* _Task description_
Starting at the line below that contains "Production Hip Hop" and ending at the line that contains "Dziwna planeta Mars", retype each line exactly as it stands, but omit the pictures.

* _Dataset content_
▼

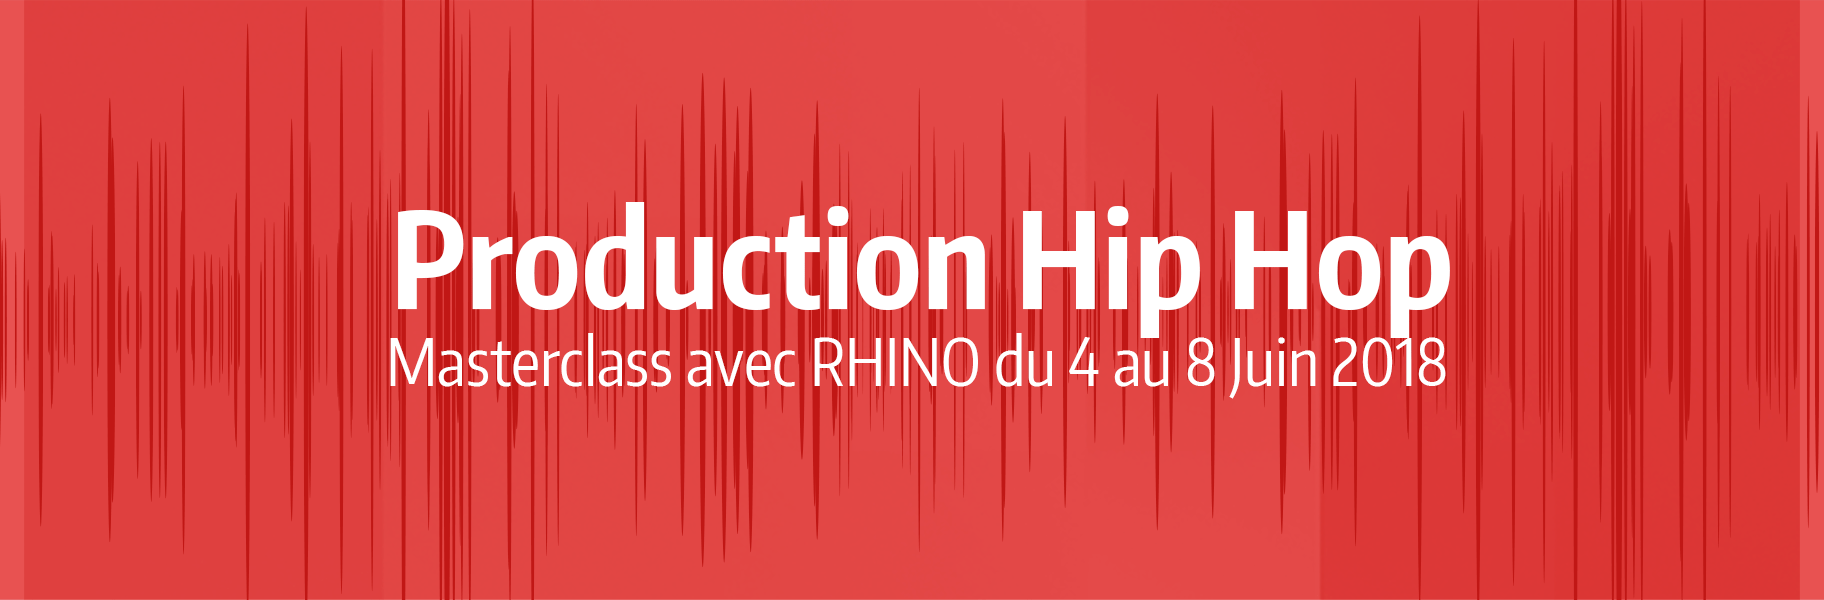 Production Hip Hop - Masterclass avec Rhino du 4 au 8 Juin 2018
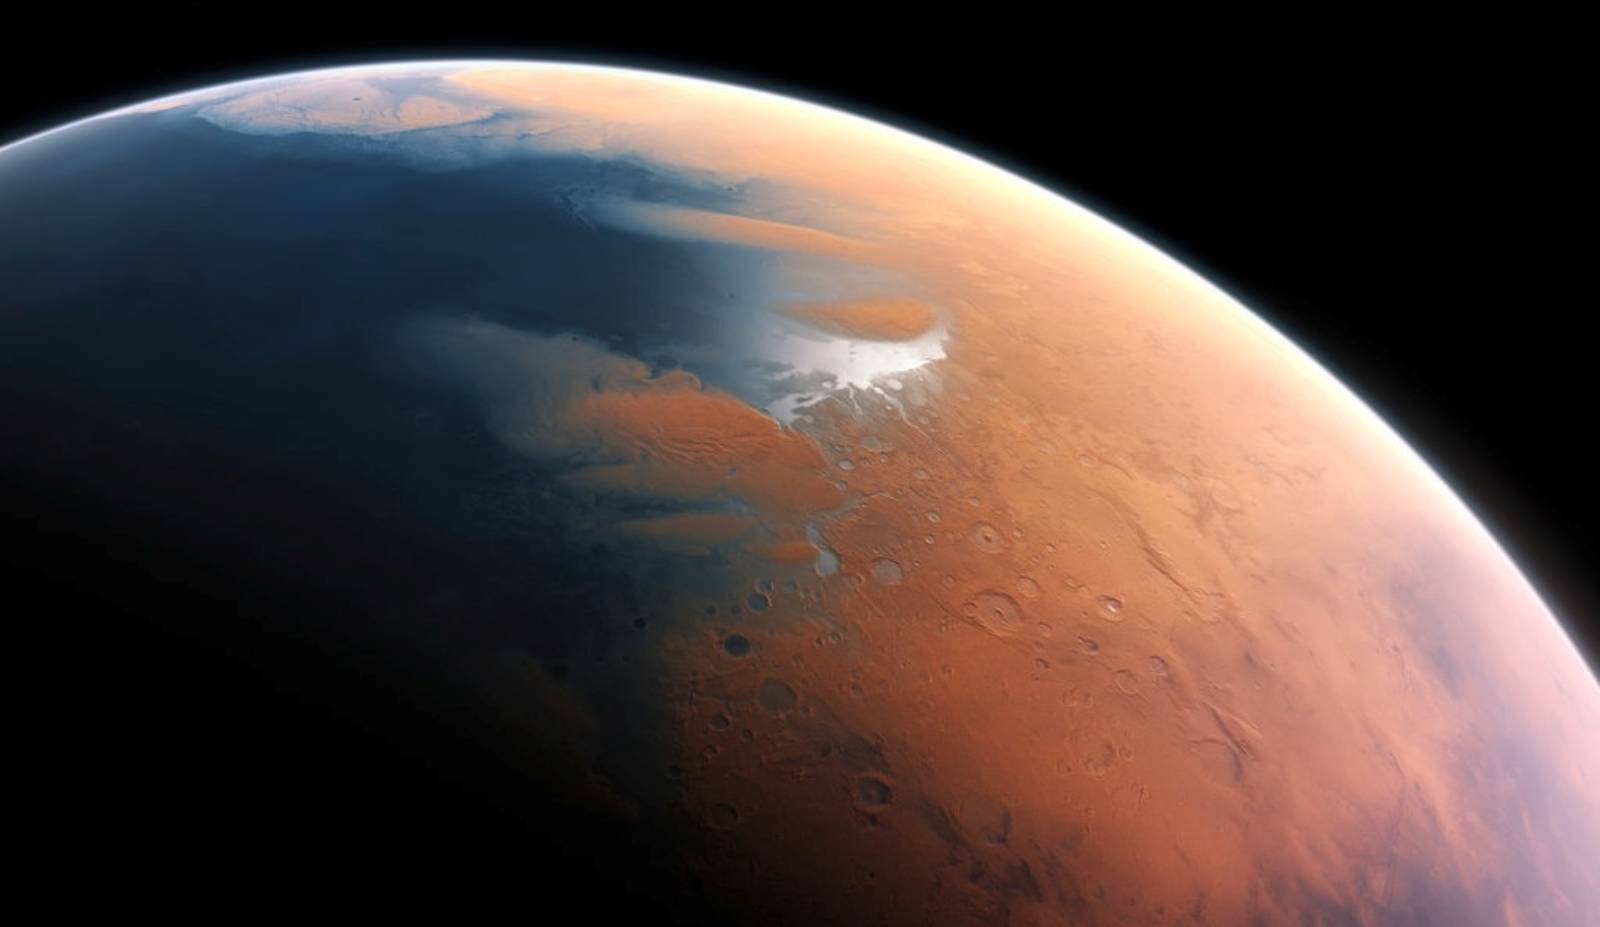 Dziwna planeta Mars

▲
▼

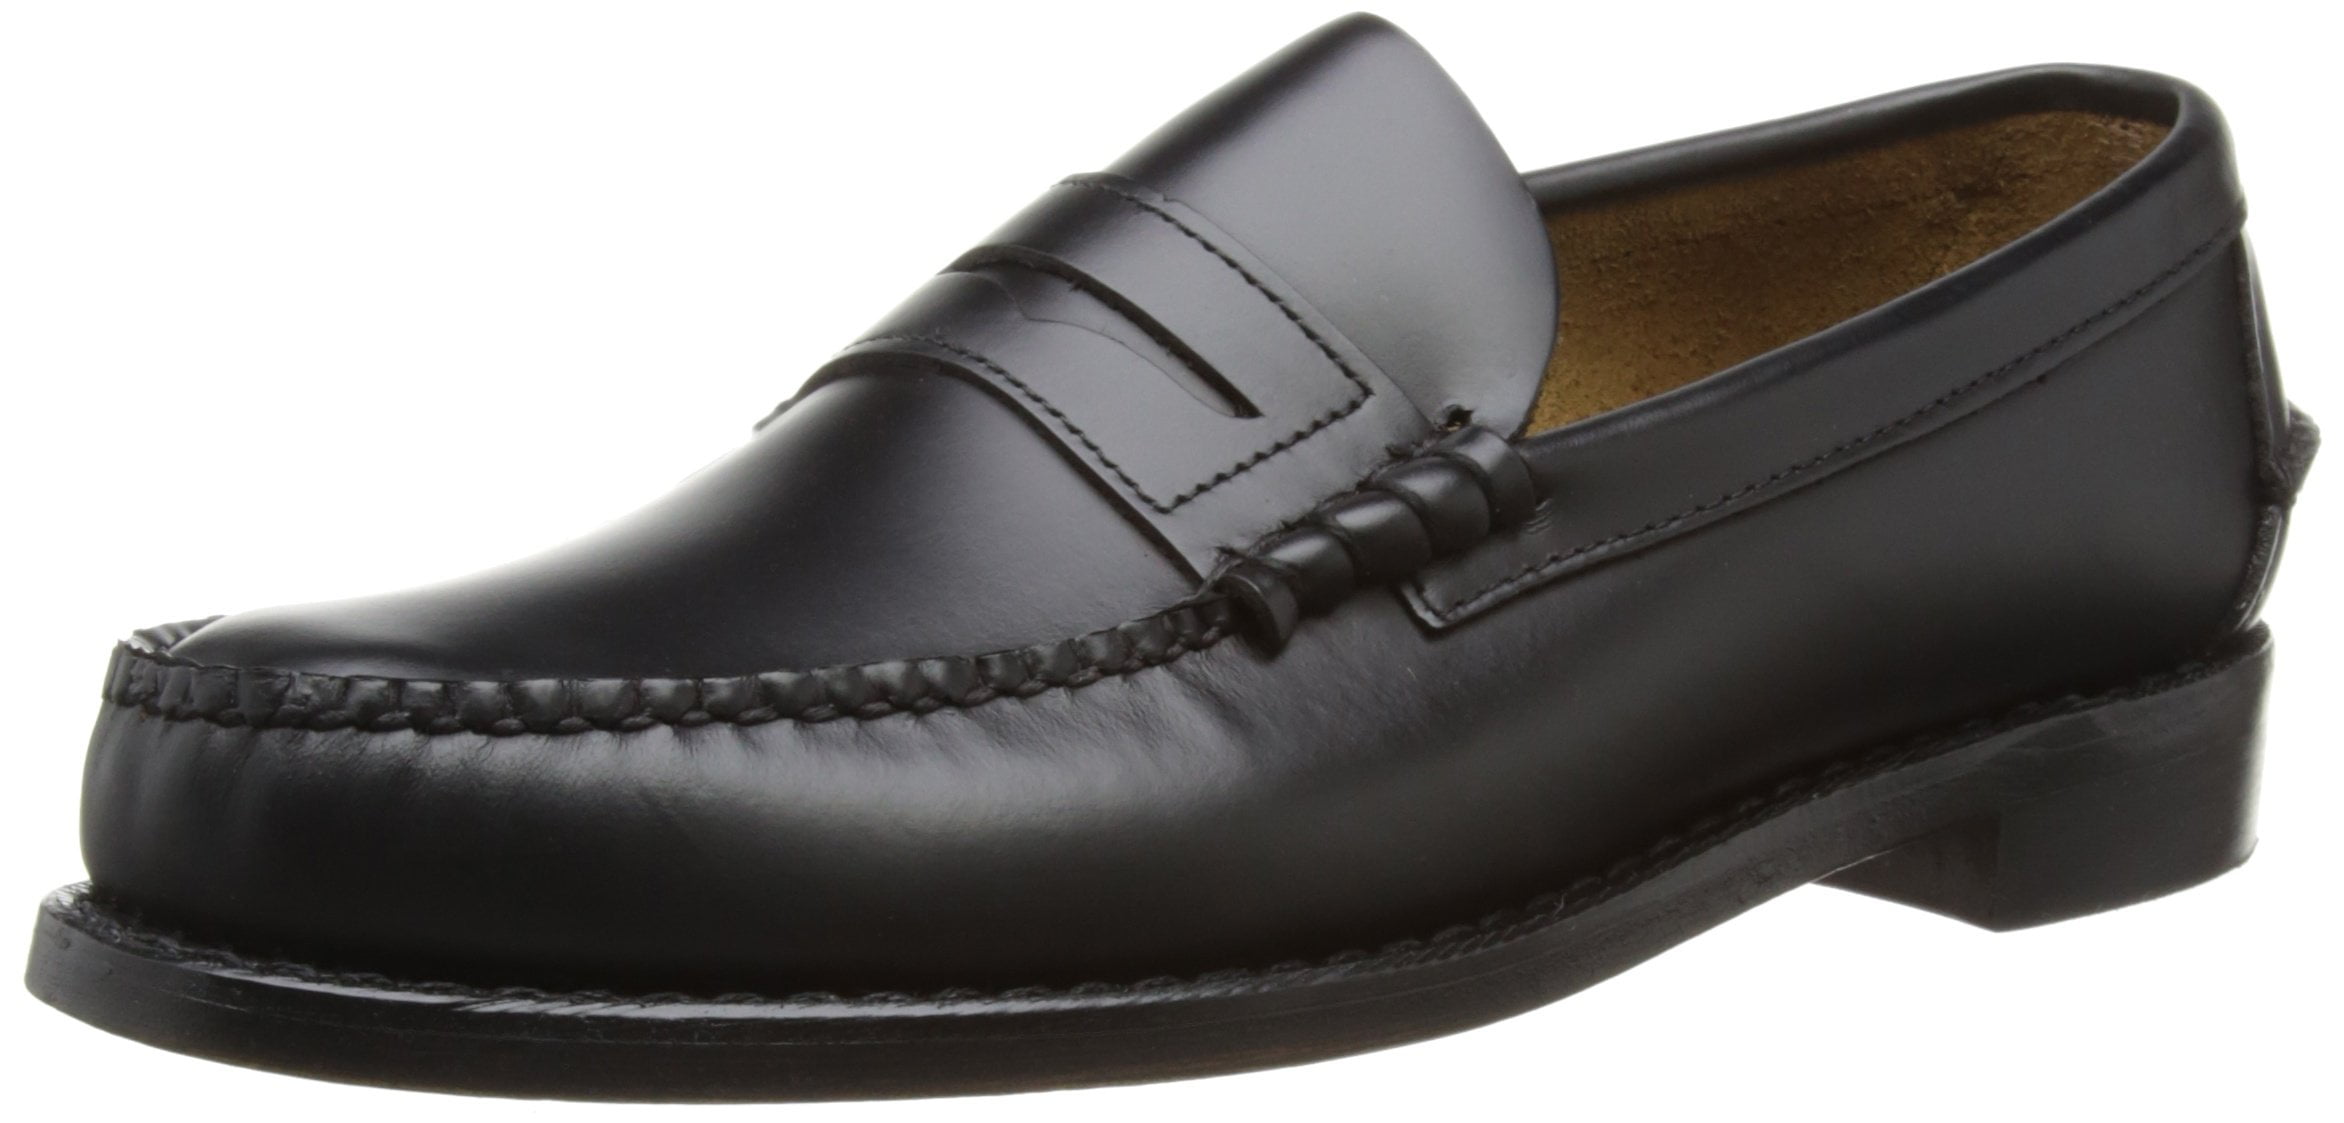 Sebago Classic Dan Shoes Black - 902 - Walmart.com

▲

* _Output for this task_
 Production Hip Hop - Masterclass avec Rhino du 4 au 8 Juin 2018
 Dziwna planeta Mars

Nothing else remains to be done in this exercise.